Hannah sits at the table at Arca Labs and thinks. “I remember almost making it.
So close.
I had gone to the beach and made the jump. My ankle was twisted, sprained, though I worried it was broken, and I
almost
made it.”

“Then they were on you. The ants.”

“Yes. And I thought I was dead.” She has to take herself through it one step at a time because it's all muddy, confusing. Even existing here and now in the present is hard.
Establish a beachhead,
she thinks. “Establish a beachhead,” her father would say when teaching her to play checkers and, later, chess. “Like in the war. Just get your soldiers out there in position before they die.” He was never in a war, but his own father was. Her grandfather, a man who died before she was born. She has to blink hard to push those memories back. “Then you came along. You stuck me in the leg—”

“An EpiPen.”

“Right. And then—”

“A cloth over your mouth.”

Establish a beachhead.
But what's her move, here? Tell him she doesn't trust him? That she knows he's a killer? Or keep it secret? All she says instead is:

“Why?”

“I needed you.”

“Why?”

“Do you think I did this? That I'm a killer?” he asks.

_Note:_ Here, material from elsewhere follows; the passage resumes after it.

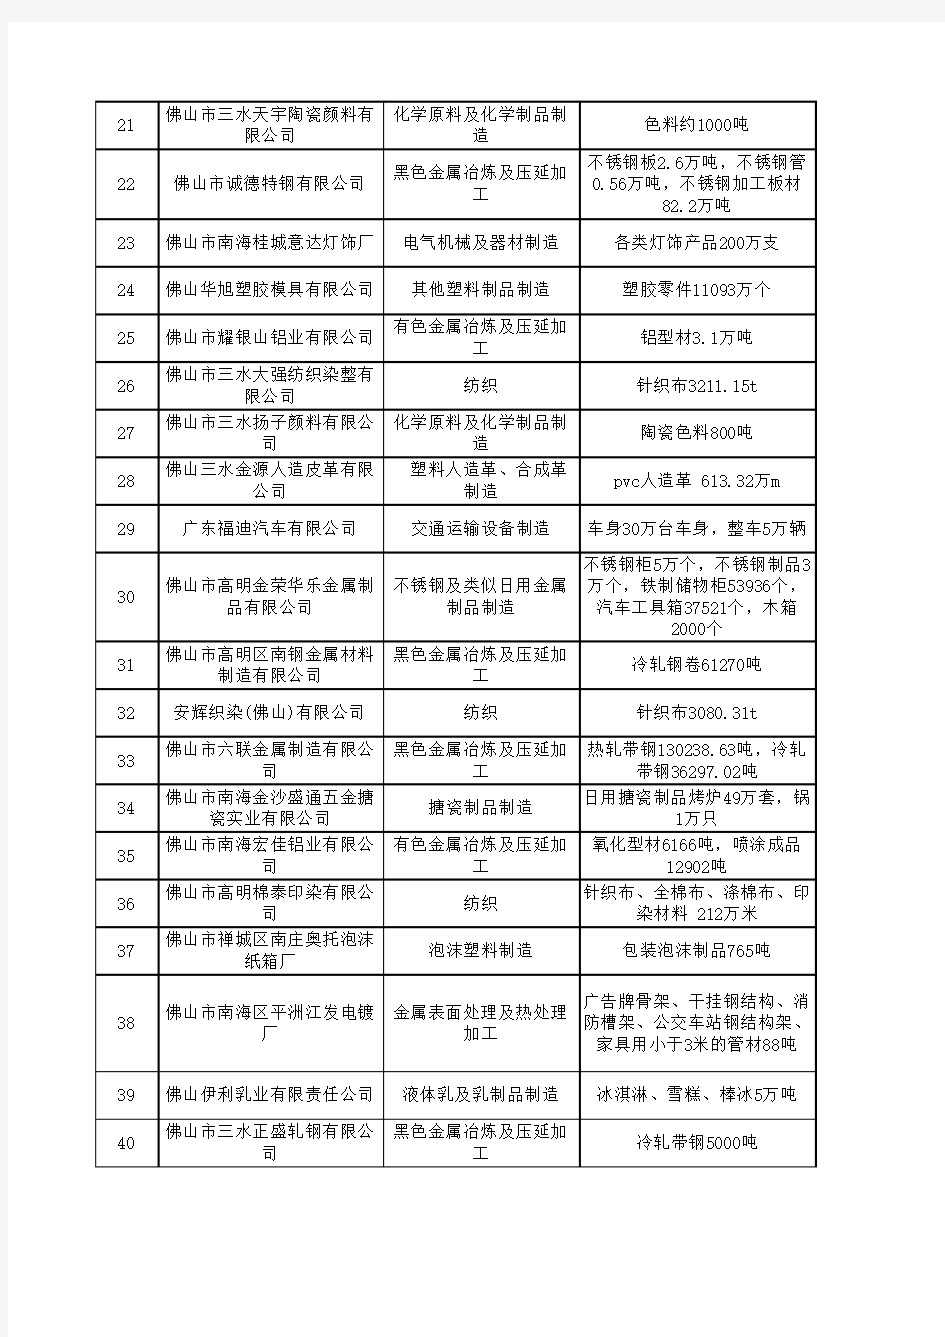 广东省2014年第二季度重点企业清洁生产开展情况统计表

Yes. I do. I don't trust you.
“You're an artist,” she says.

He laughs.

“You do think I did this.”

He reaches for her throat. She pulls away, but he has her.

“I still do,” she chokes past his crushing hand.

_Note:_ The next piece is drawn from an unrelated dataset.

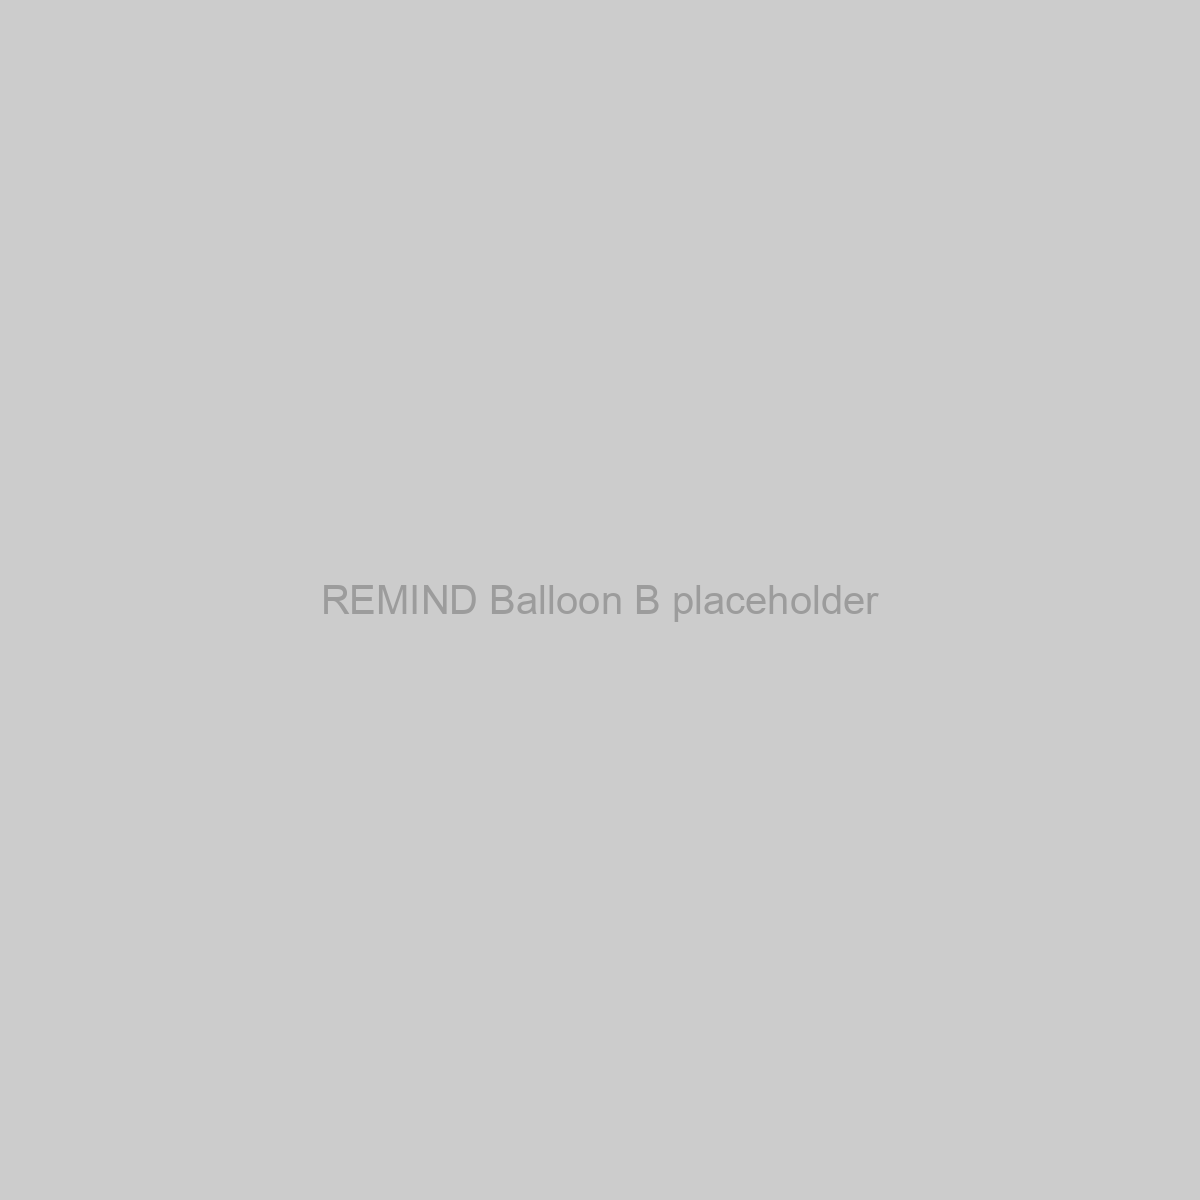 REMIND Balloon B Placeholder Image

“Even though I saved you?”

Even though,
she thinks, but her words won't come.

“The ants are everywhere now.” He stands up suddenly, the chair legs barking against the floor. “It's going to be a global catastrophe. An ecological nightmare. Once they get entrenched . . .”

He pulls her closer. Her throat burns. She tries to pull away, but can't.
He has me drugged. My limbs won't work. What did he do to me?

He keeps on talking. “Someone sent the colonies all around the world. Every continent. Countless countries. It's a kind of genetically modified terrorist attack. We still have time—not much, but enough—to undo what's done before they get established.” He's pulling her around the table now, closer, closer, even as she gags. “But all you want to do is talk about whether or not I'm guilty of the act of creation. We're all guilty of that. Creation and destruction are our human instincts, Hannah. You know that. It is who we are. You think we'll pick a side, like we'll figure out if we're good or evil, but it's really that we're both.”

He's next to her now. Bending toward her. His hand lets go of her throat and she's left gasping. Then his hand moves under her chin, lifting her mouth toward his. “Is this okay?”

“No,” she says. And yet she doesn't pull away. His lips find hers. A rasp of his unshaven face against hers, red and raw—his tongue in her mouth as they lean together—something small and delicate runs from his mouth to hers.

A tiny ant. A scout.

Hannah tries to pull away, but Will's hand finds the back of her head and clamps there, a vise grip at the back of her skull. Her teeth crash against his and pain goes through her jaw as a column of ants begins to surge up out of his mouth and into her own, down her throat, and once again she can't breathe—

Hannah moans in pain. That sound becomes a sudden, mournful wail as she tries to stand. Pain crashes through her ankle like lightning and she cries out.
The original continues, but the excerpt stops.